On Mar 14, 2017, at 5:42 PM, Alister Pillow <[hidden email]> wrote:

Hi Nick,
I thought you were the expert! :)

I found that posting to “netcat” running on localhost (Linux, MacOS) was the best way to debug http:send-request:

nc -l 8123 >> tcp-data.txt

I also found that if you post multipart with the http-version=1.0
<http:request method="post" http-version="1.0">

… the post is sent WITH the correct Content-Length,
and WITHOUT the http-version, the content is sent chunked




————— a cut-down version of how I use send-request with AWS

let $full-path := '/db/test/test.xqm'
let $file-data := util:binary-doc($full-path)
let $mime-type := xmldb:get-mime-type(xs:anyURI($full-path))

let $binary := 'test.xqm'
    
   
let $aws-signed-form := <form><input type='filename' value='/db/test/db.xml' /></form>
let $ss := <xsl:stylesheet xmlns:xsl="http://www.w3.org/1999/XSL/Transform"
            xmlns:xs="http://www.w3.org/2001/XMLSchema" xmlns:xd="http://www.oxygenxml.com/ns/doc/xsl"
            xmlns:h="http://www.w3.org/1999/xhtml"
            xmlns:http="http://expath.org/ns/http-client"
            exclude-result-prefixes="xs xd" version="2.0">
            
            <xsl:template match="/form">
                <http:request method="post" http-version="1.0">
                    <http:header name="Connection" value="close" />
                    <http:multipart media-type="multipart/form-data" boundary='xyzBouNDarYxyz'>
                        <xsl:apply-templates />                                
                        <http:header name="Content-Disposition" value="form-data; name=file; filename={$binary}"/>
                        <http:header name="Content-Type" value="{$mime-type}" />
                        <http:body media-type="{$mime-type}" method="binary">{$file-data}</http:body>
                    </http:multipart>
                </http:request>
            </xsl:template>
            
            <xsl:template match="input">
                <http:header name="Content-Disposition" value="form-data; name={{./@name}}" />
                <http:body media-type="text/plain"><xsl:value-of select="./@value"/></http:body>
            </xsl:template>
        </xsl:stylesheet>
    
        let $content := transform:transform($aws-signed-form, $ss,())
        
        let $resp := http:send-request($content, 'http://localhost:8123')
        return $resp


With the http-version set, it produced 

POST / HTTP/1.0
Connection: close
Content-Type: multipart/form-data; boundary="xyzBouNDarYxyz"
Content-Length: 371
Host: localhost:8123
User-Agent: Apache-HttpClient/4.3.6 (java 1.5)

--xyzBouNDarYxyz
Content-Disposition: form-data; name=
Content-Type: text/plain; charset=UTF-8

/db/test/db.xml
--xyzBouNDarYxyz
Content-Disposition: form-data; name=file; filename=test.xqm
Content-Type: application/xquery

xquery version "3.0";

module namespace p1 = 'http://pekoe.io/test';

declare function p1:one($a,$b) {
    'good'
};
--xyzBouNDarYxyz—


And with NO http-version it defaults to HTTP/1.1

POST / HTTP/1.1
Connection: close
Content-Type: multipart/form-data; boundary="xyzBouNDarYxyz"
Transfer-Encoding: chunked
Host: localhost:8123
User-Agent: Apache-HttpClient/4.3.6 (java 1.5)

73
--xyzBouNDarYxyz
Content-Disposition: form-data; name=
Content-Type: text/plain; charset=UTF-8

/db/test/db.xml
0





On 15 Mar 2017, at 7:33 am, nsincaglia <[hidden email]> wrote:

To further comment on this post, I know that the Expath File Module contains
functions that perform the file splitting operations I am looking for. Am I
correct is saying that this module is not currently configured to be
installed as a module into eXist-db at the moment? 

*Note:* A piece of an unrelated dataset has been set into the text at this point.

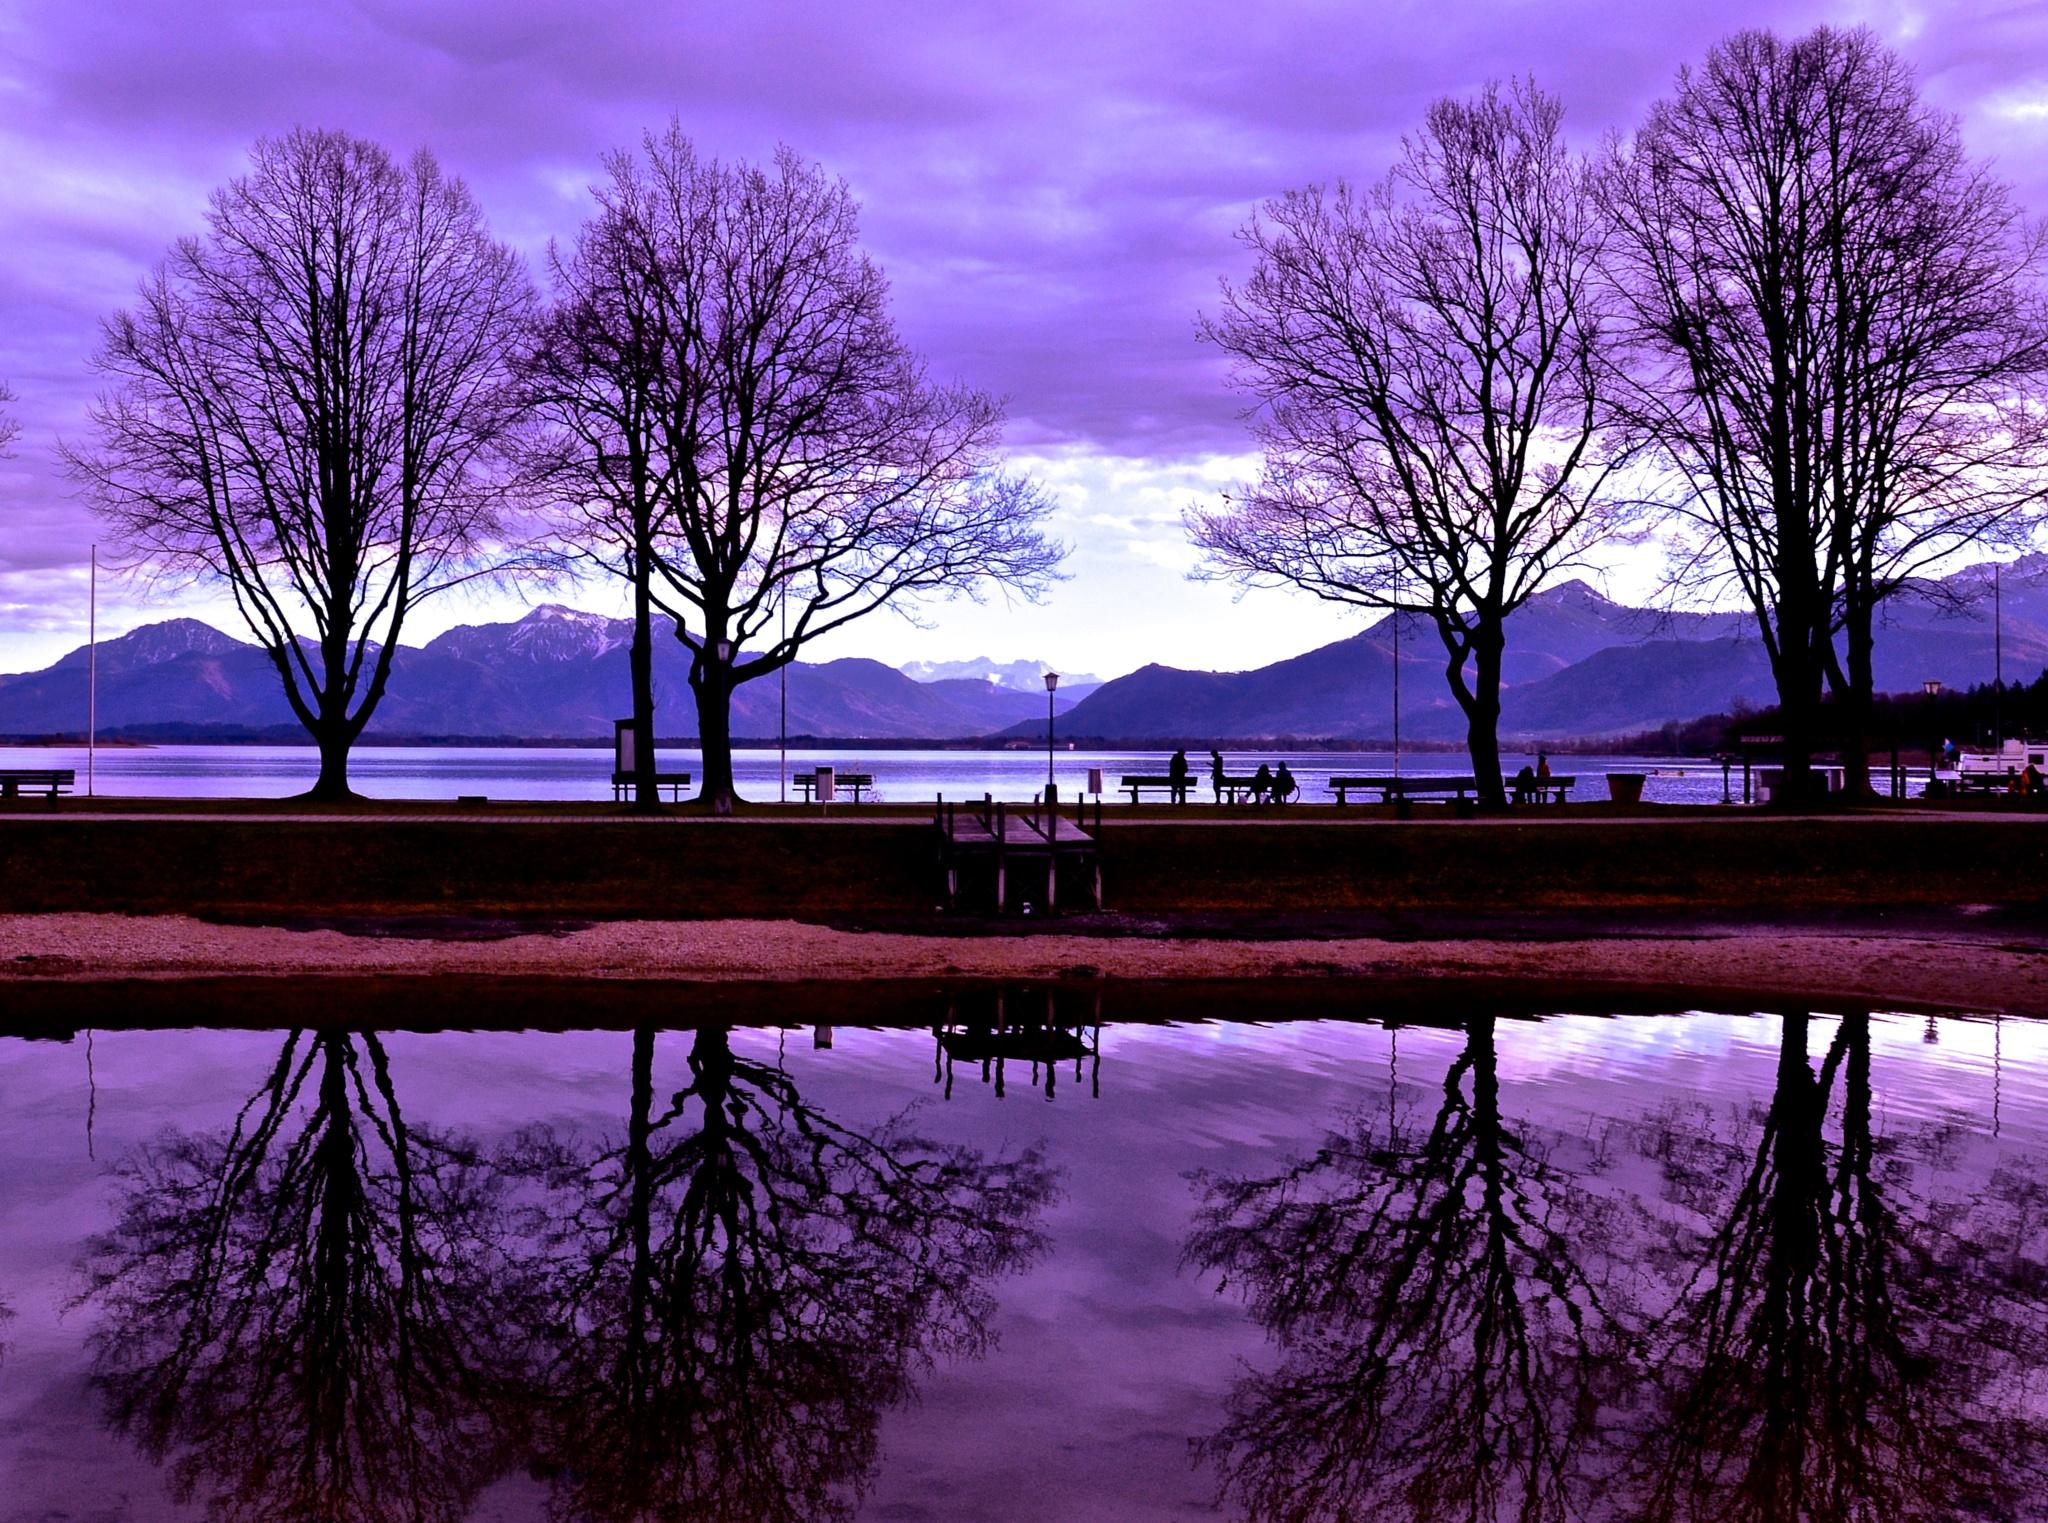 Purple Rain by justashadowfestival

If I am correct in that statement, I am curious, how do people perform
multipart posts with binary files? Can anyone share how they do it or
recommend a preferred way of going about this?

Nick




--
View this message in context: http://exist.2174344.n4.nabble.com/Breaking-binary-files-into-chunks-tp4671687p4671692.html
Sent from the exist-open mailing list archive at Nabble.com.

------------------------------------------------------------------------------
Check out the vibrant tech community on one of the world's most
engaging tech sites, Slashdot.org! http://sdm.link/slashdot
_______________________________________________
Exist-open mailing list
[hidden email]
https://lists.sourceforge.net/lists/listinfo/exist-open




Nick Sincaglia
President/Founder
NueMeta LLC
Digital Media & Technology
Phone: <a href="tel:+1%20630-303-7035" value="+16303037035" target="_blank">+1-630-303-7035
Skype: nsincaglia



Nick Sincaglia
President/Founder
NueMeta LLC
Digital Media & Technology
Phone: <a href="tel:+1%20630-303-7035" value="+16303037035" target="_blank">+1-630-303-7035
Skype: nsincaglia





------------------------------------------------------------------------------
Check out the vibrant tech community on one of the world's most
engaging tech sites, Slashdot.org! http://sdm.link/slashdot
_______________________________________________
Exist-open mailing list
[hidden email]
https://lists.sourceforge.net/lists/listinfo/exist-open




--

W.S. Hager
Lagua Web Solutions
http://lagua.nl




Nick Sincaglia
President/Founder
NueMeta LLC
Digital Media & Technology
Phone: <a href="tel:+1%20630-303-7035" value="+16303037035" target="_blank">+1-630-303-7035
Skype: nsincaglia







--

W.S. Hager
Lagua Web Solutions
http://lagua.nl


------------------------------------------------------------------------------
Check out the vibrant tech community on one of the world's most
engaging tech sites, Slashdot.org! http://sdm.link/slashdot
_______________________________________________
Exist-open mailing list
[hidden email]
https://lists.sourceforge.net/lists/listinfo/exist-open
Reply | Threaded
Open this post in threaded view
|  
Report Content as Inappropriate

Re: Breaking binary files into chunks

wshager
That said I wouldn't mind seeing some more low level functionality in XQuery. fn:byte-length anyone?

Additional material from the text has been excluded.